■ **Work required**: An exact repetition of the data below, without images, is the expected answer.

■ **Collected data**:
▽

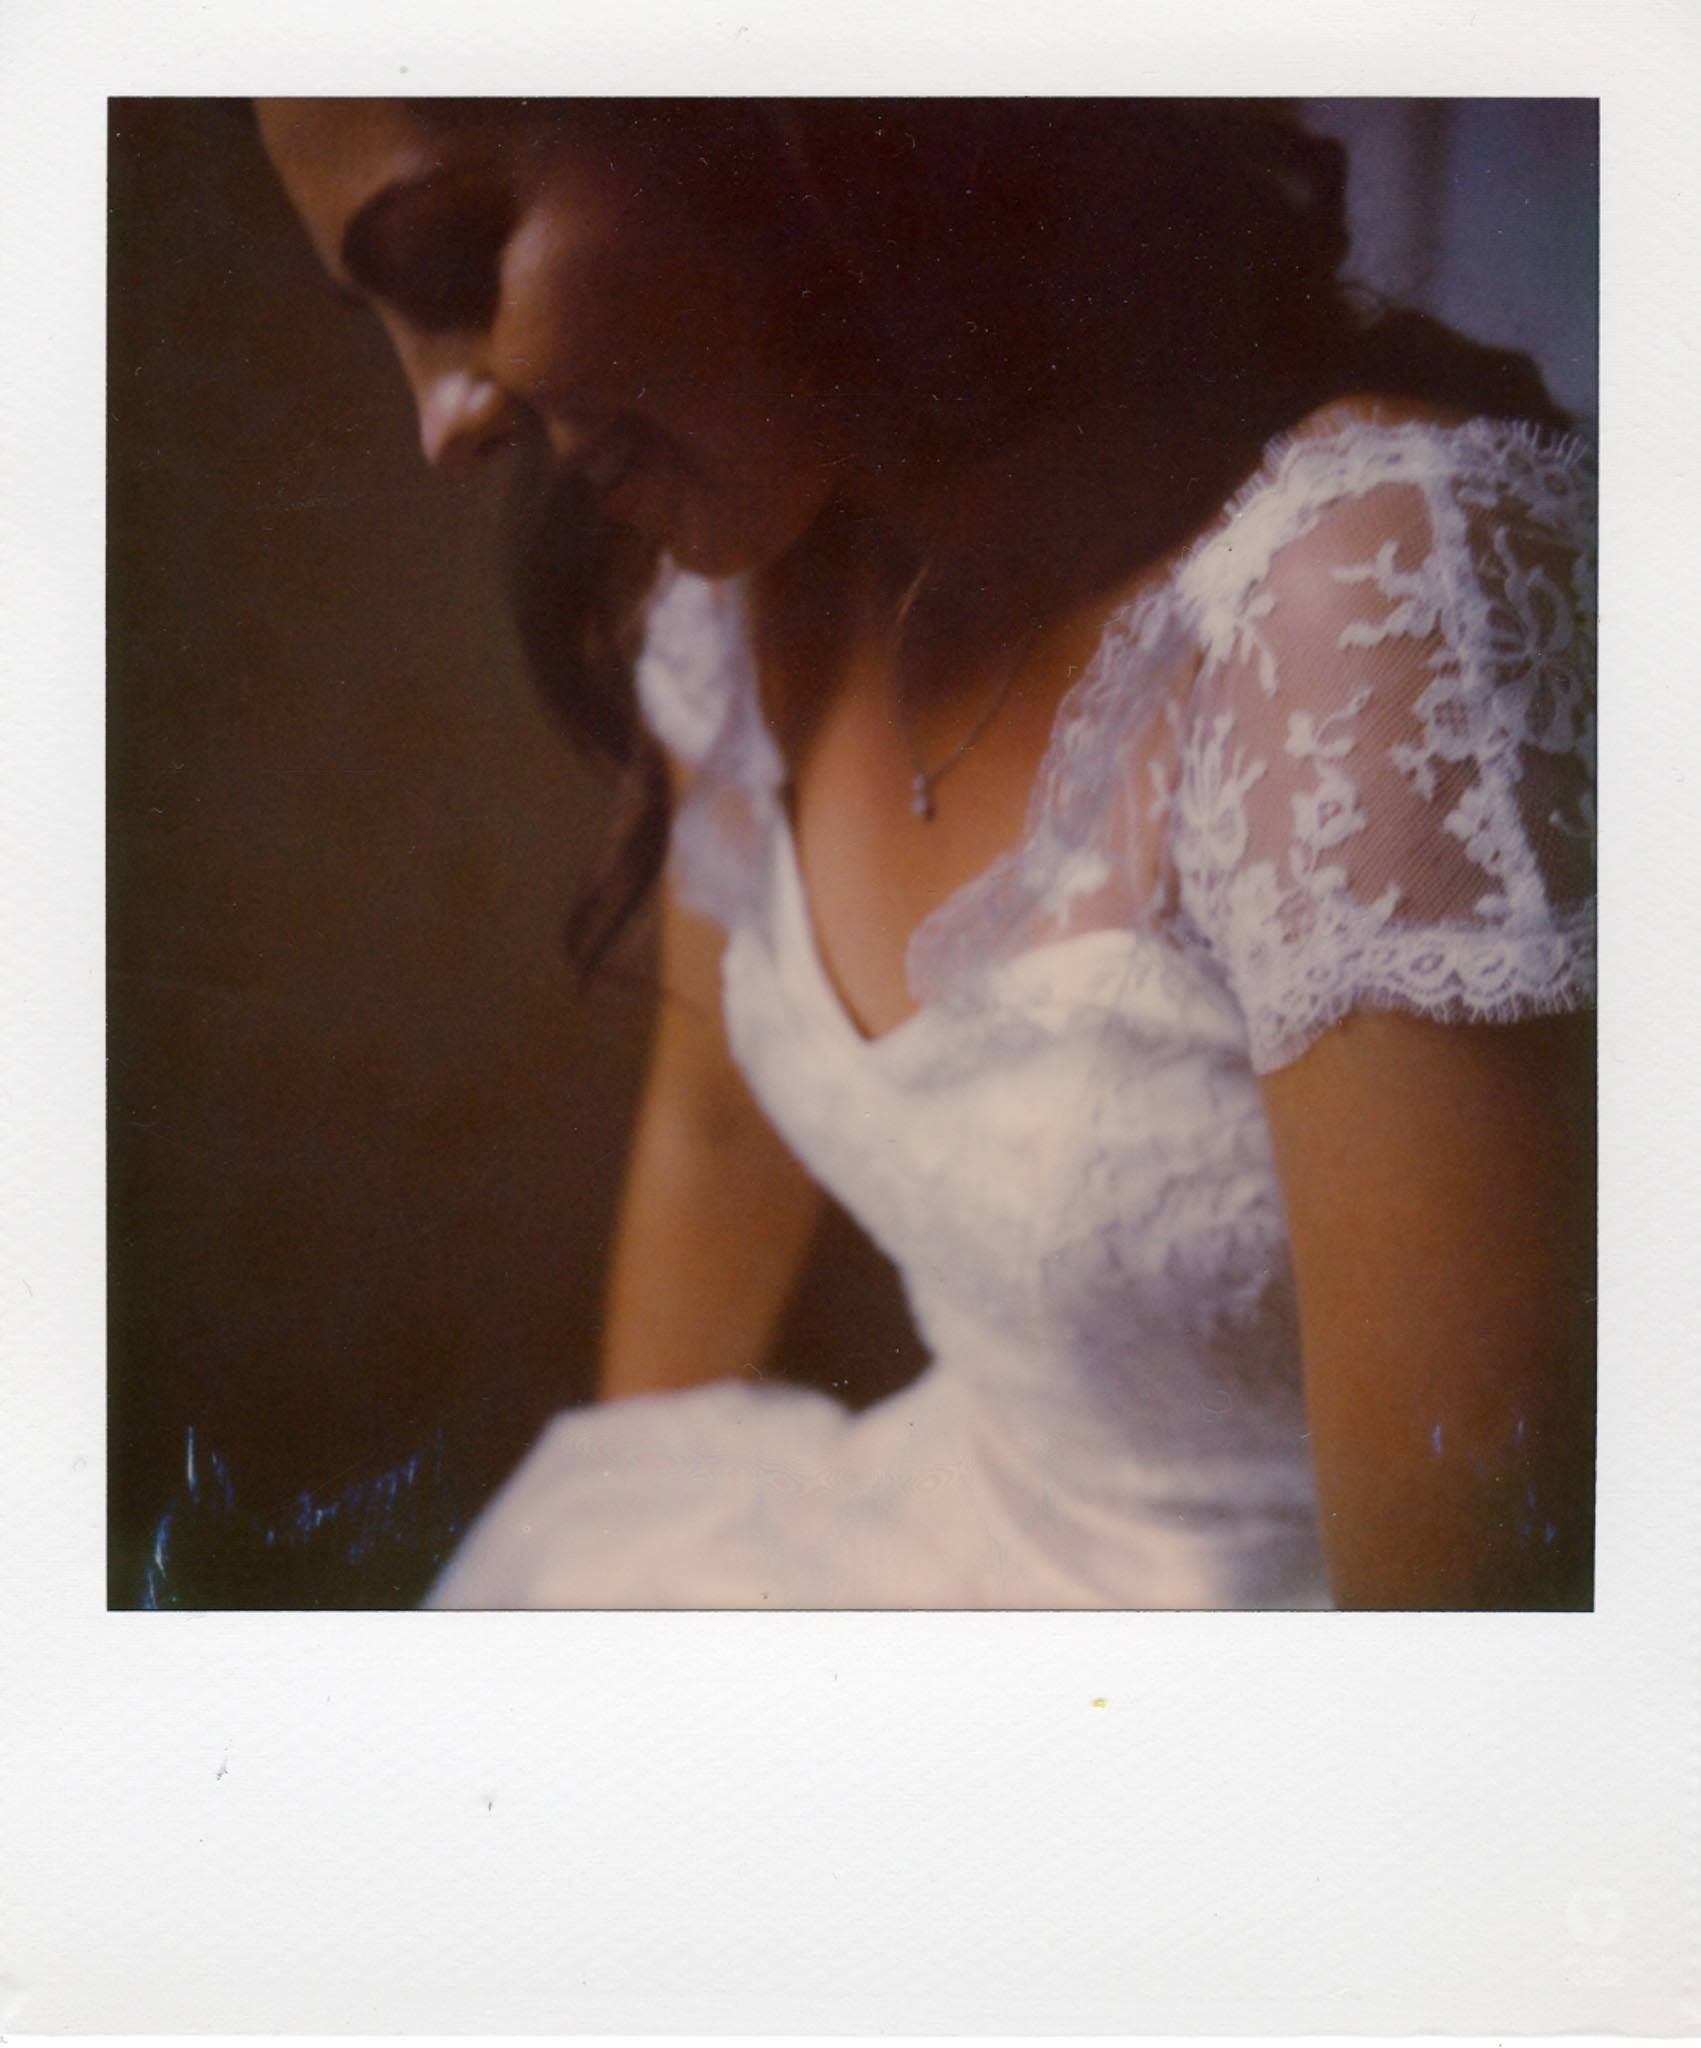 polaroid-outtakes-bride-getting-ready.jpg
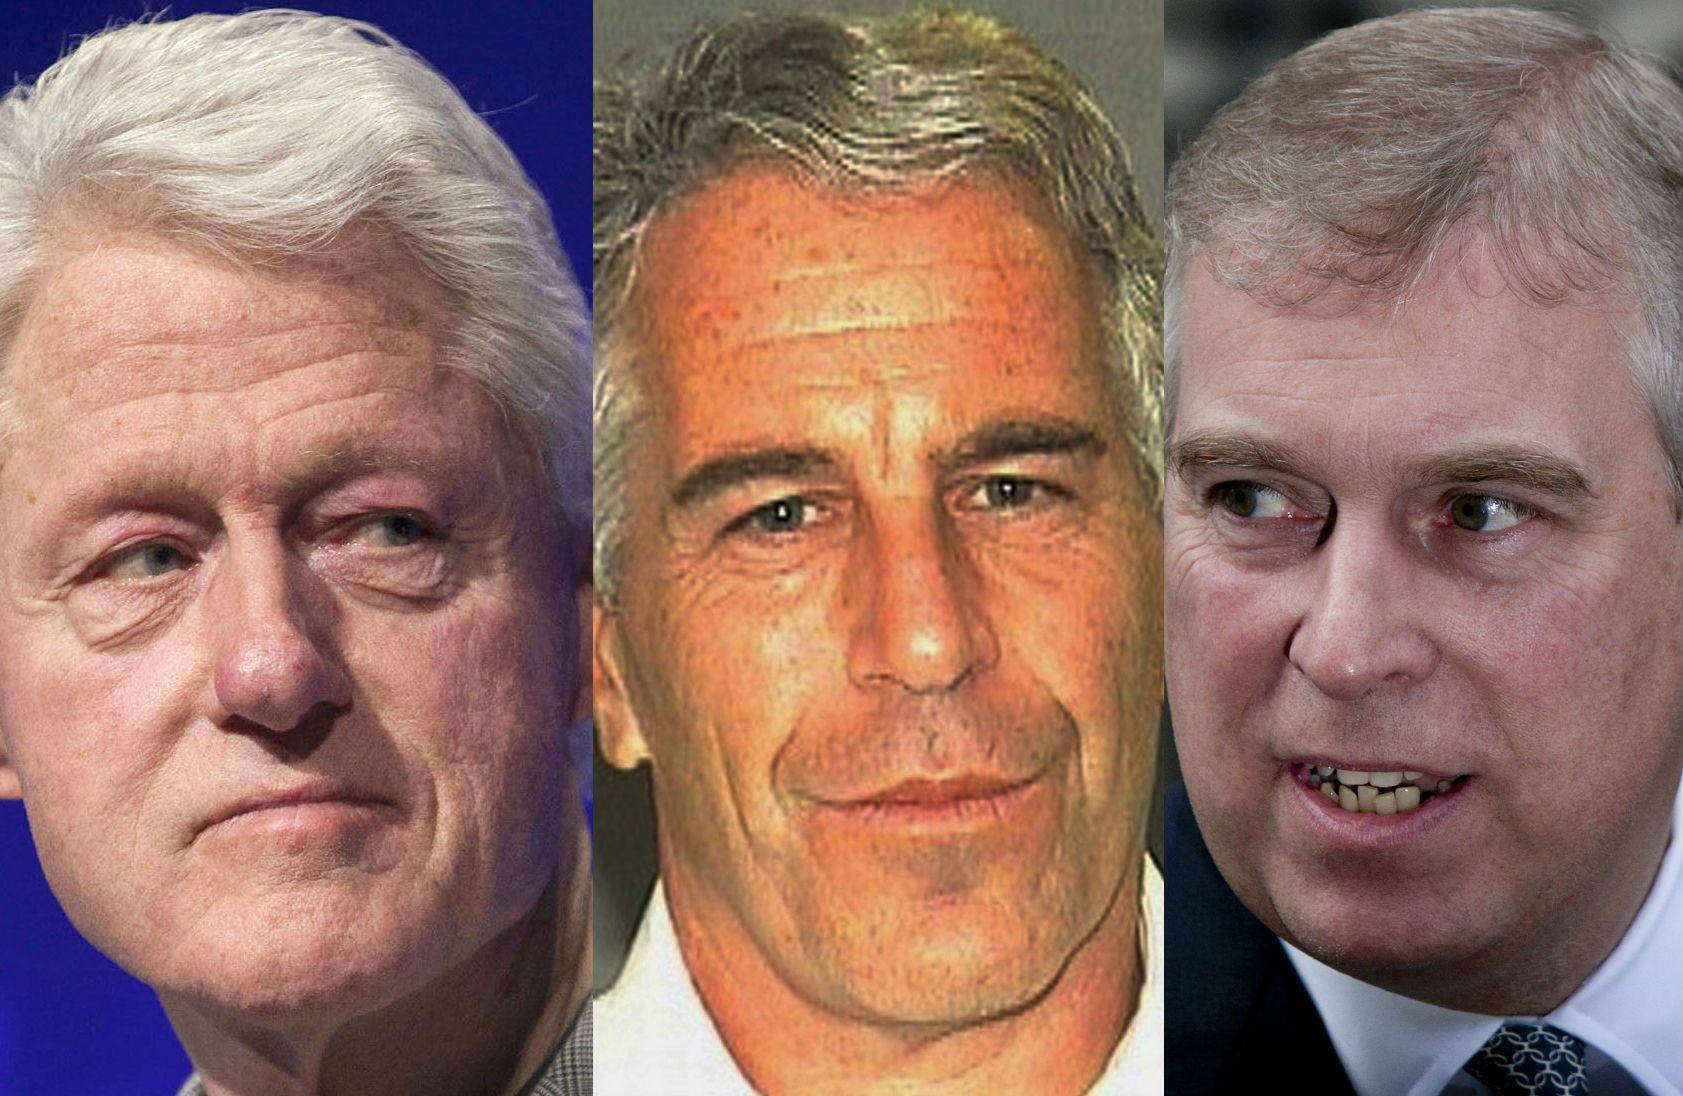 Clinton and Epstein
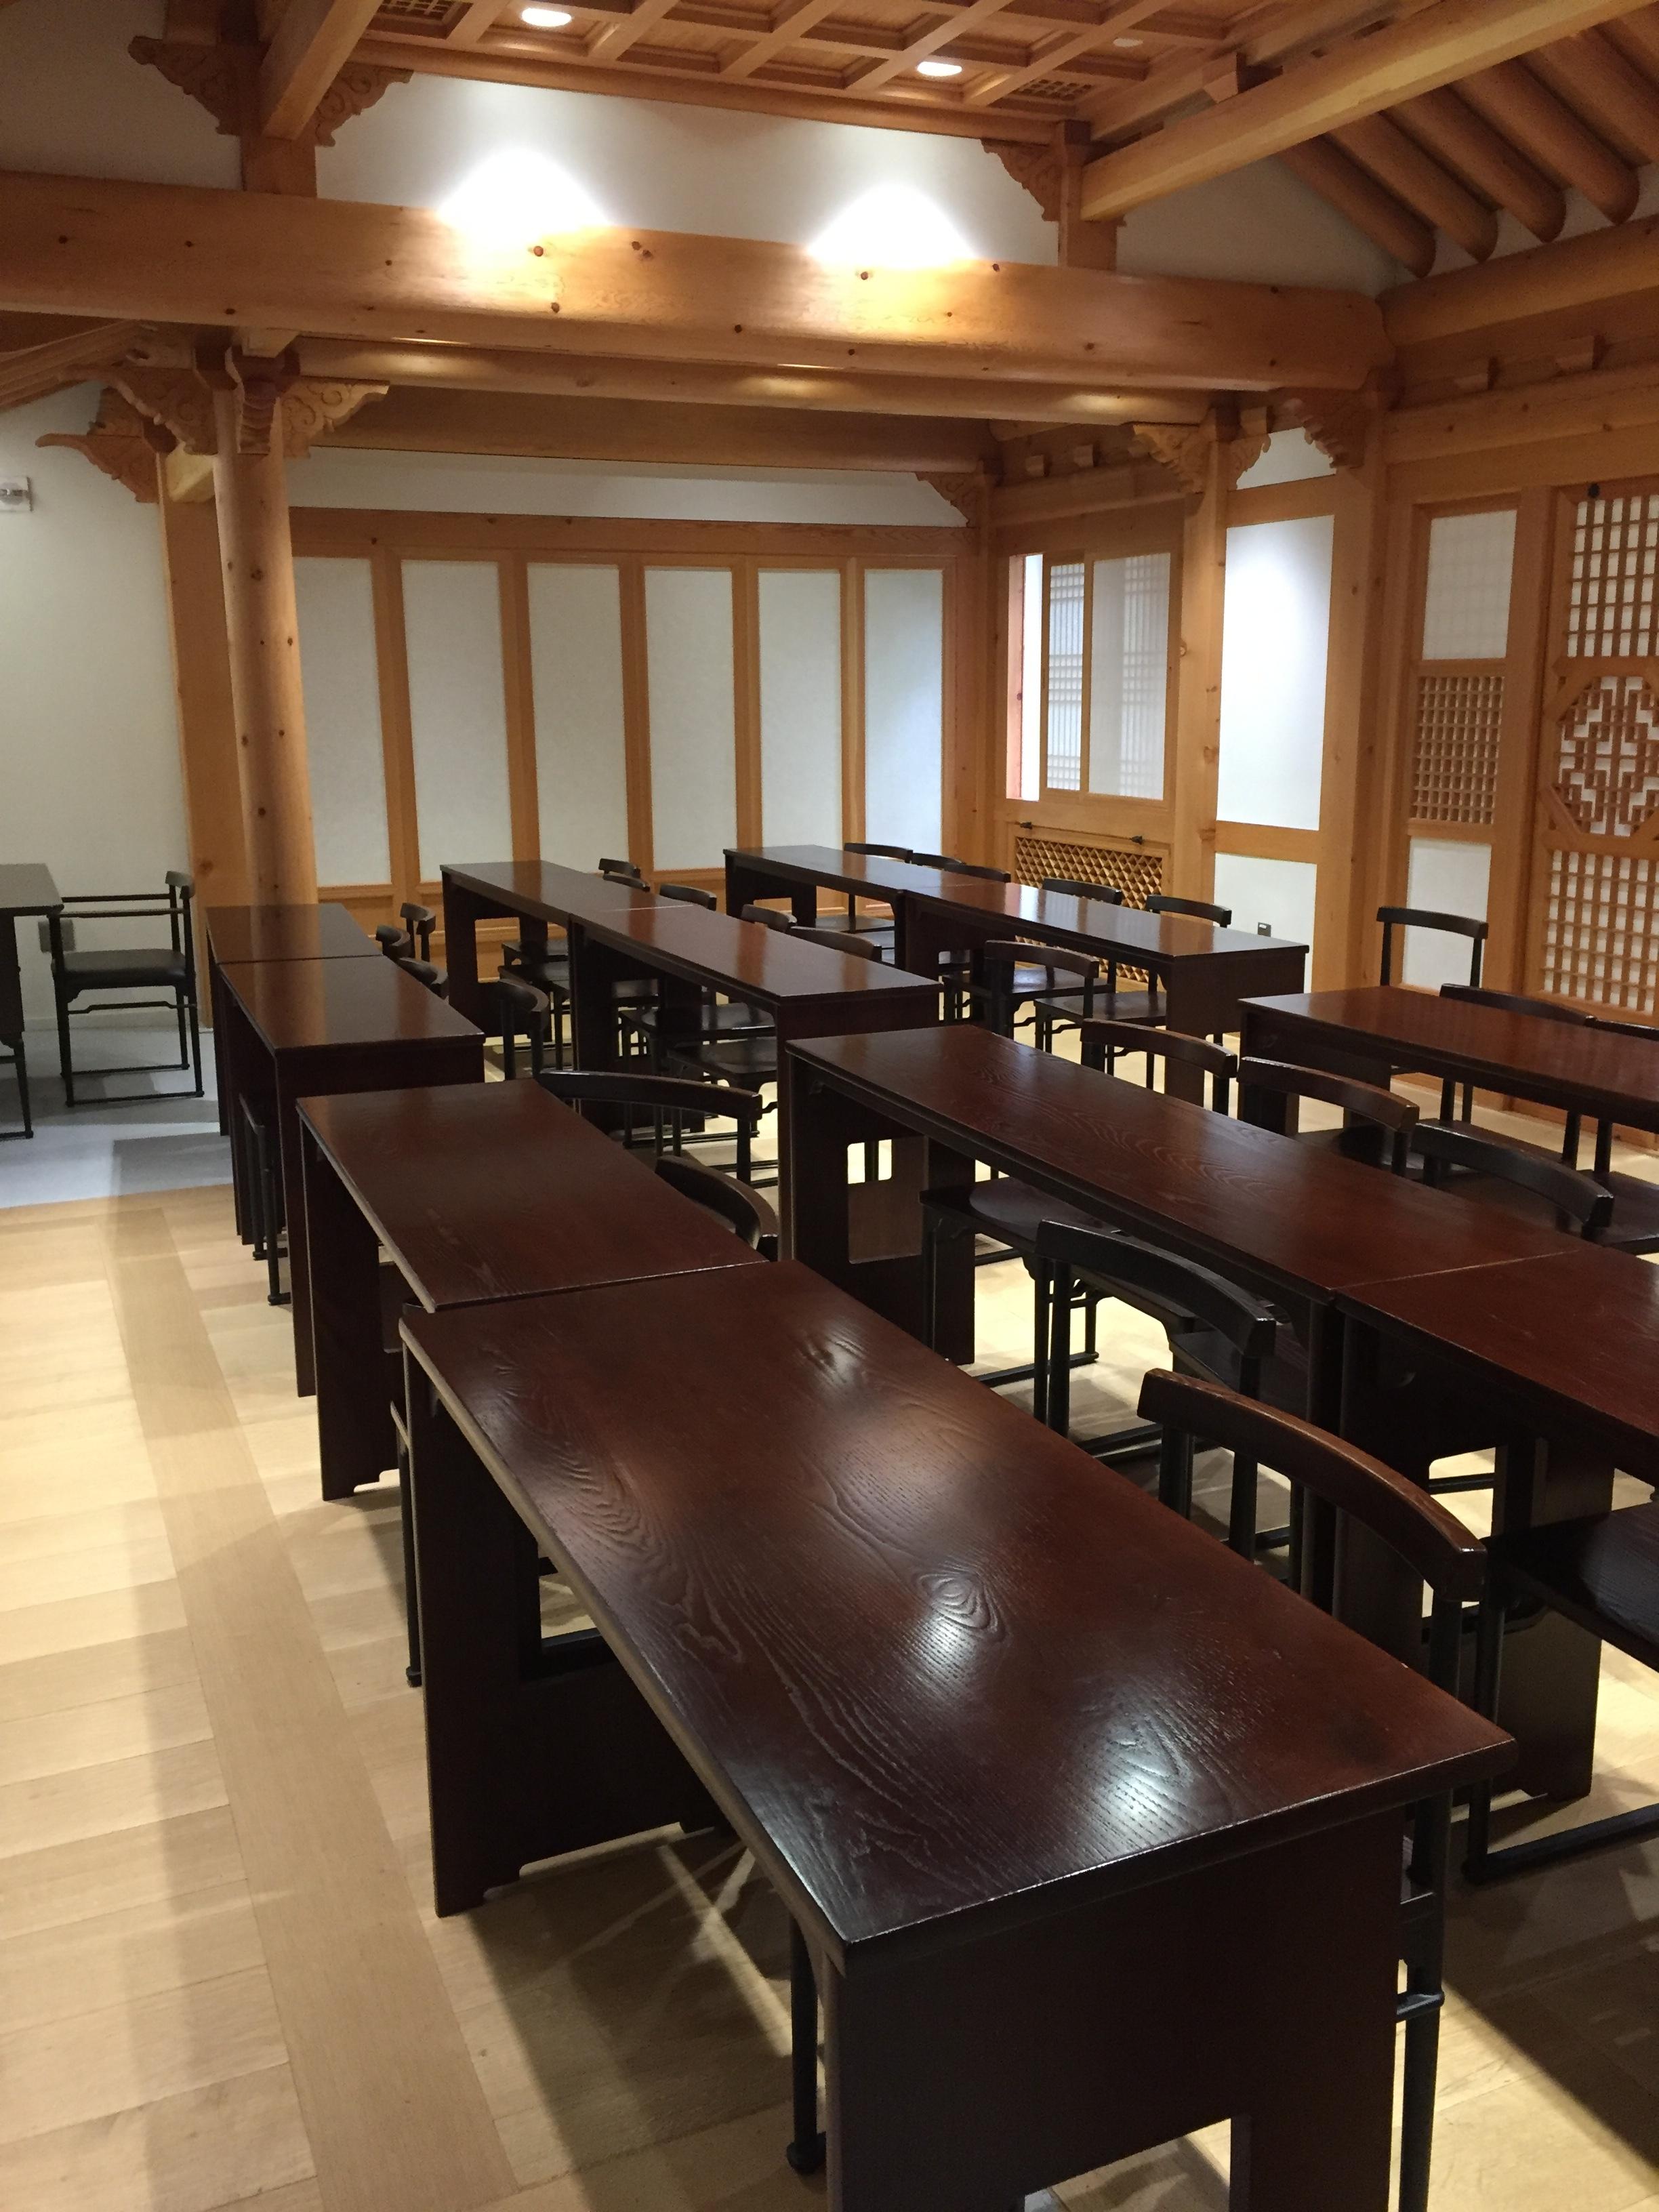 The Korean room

△

■ **Response for this exercise**:
 polaroid-outtakes-bride-getting-ready.jpg
 Clinton and Epstein
 The Korean room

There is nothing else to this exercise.